Chicken-butternut Tagine
1 T olive oil
2 C chopped onion
2 t ground cumin
1 t paprika
1 t ground turmeric
1/4 t salt
1/4 t ground cinnamon
1/4 t ground ginger
2 garlic cloves, minced
1 lb. skinless, boneless chicken breast, cut into bite-sized pieces
2 C fat-free, less-sodium chicken broth
8 oz. peeled, cubed butternut squash
1/3 C halved pitted picholine olives (about 3 oz.)
8 pitted dried plums, chopped
Fresh flat-leaf parsley leaves (optional)
  1. Heat oil in a Dutch oven over medium heat.
  2. Add the onion and cook 8 min. or until golden, stirring occasionally.
  3. Stir in cumin, paprika, turmeric, cinnamon, ginger, salt, garlic and chicken, and then cook 1 min., stirring constantly.
  4. Stir in broth, squash, olives and dried plums.
  5. Bring the mixture to a boil, cover, reduce heat to medium-low and then simmer 10 min. or until squash is tender.
  6. Garnish with parsley, if desired.
Yield: 4 servings of 1 1/4 C each

Nutritional Info
Calories: 309
Fat: 8.8 g
Sat fat: 0.9 g
Protein: 29.8 g
Carbs: 29.7 g
Fiber: 5.2 g
Cholesterol: 66 mg
Sodium: 782 mg

The Faudie's Futzings
I'll say this right off, Gentle Reader: I got way too wrapped up in preparing the squash right. How ridiculous is it that I was so worried about that? Well, I did. So much so that I made some goofs with the recipe. Oh well.
  • I failed to remember the salt until well after I'd added the broth and squash. D'oh!
  • I failed to remember the turmeric until today when I was transcribing the recipe. Sheesh, that's really pathetic.
  • I didn't use that tablespoon of olive oil called for by the recipe. Maybe a teaspoon and a half did the trick.
  • I don't do olives. Even the smell of them turns my stomach, thus I have to give a wide berth to the olive bars at various grocery stores around Austin lest I ralph right then and there.
  • While I do have prunes, I didn't feel this recipe would be served well by them. I've made a Moroccan dish or two with them, and they impart an interesting taste that...well, it's not terribly satisfying for me. I instead used dried cranberries, tossing an amount that I thought was equivalent to the prunes and the olives.
  • Because I didn't have enough squash to for three 8-ounce freezer bags, I tossed in an extra 3 ounces or so. Did that lead to overcrowding? I don't think so.
  • I used my tagine to prepare the dish rather than Chive the Dutchie because the recipe's called a tagine.
  • I doubled the simmering time on the advice of some of the recipe reviews so that the squash would indeed be tender.
My nerves were a bit overwrought not just from working with the squash but also from using the tagine on the stovetop for the first time. It performs beautifully in the oven, but I had my doubts about the diffuser's ability to evenly and adequately heat the bottom bowl of the tagine. I'm not sure if those doubts were well-founded or not because it seemed to take forever for the olive oil to heat up. In fact, it wasn't anywhere near warm enough when I tossed in the onions to brown. I had to keep the burner heat turned up fairly high for most of the cooking time, which I really didn't like. That strikes me as inefficient. That said, though, I did have to turn down the heat substantially about 10 minutes into the simmering time because liquid was starting to bubble out from beneath the chimney lid, which isn't as tight-fitting as a traditional pot lid.

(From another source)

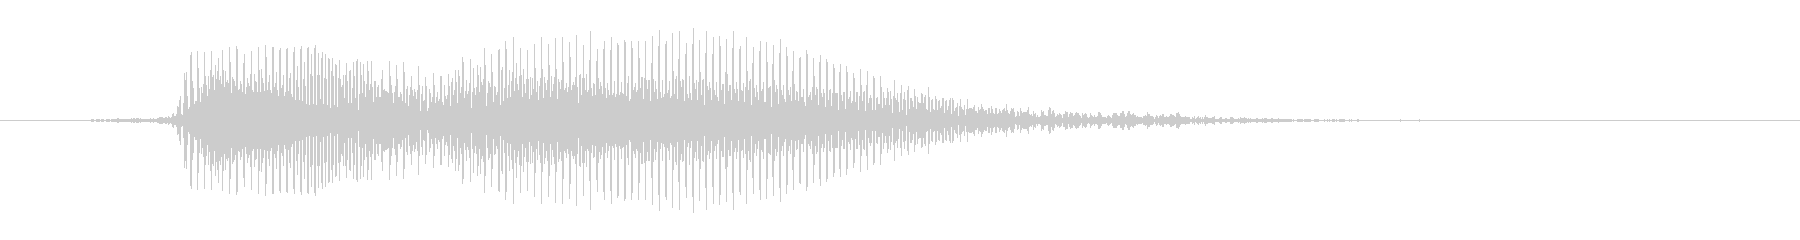 あっ(軽く驚いて)の未再生の波形

The finished tagine dish was quite tasty, although I wonder now what it would be like if I'd remembered the turmeric.
The squash did come out quite tender, and I tried to induce the boy into eating it by letting him know it tasted very close to potatoes. (He had maybe two or three cubes and that was it.) I served the finished yumminess atop pistachio couscous, but I think it would have been better served with plain couscous or with a side of pita with which to sop up the liquid. That's not a knock against either the pistachio couscous or the finished tagine; The wonderful flavor and aroma of the couscous was lost, buried under the flavors of the tagine.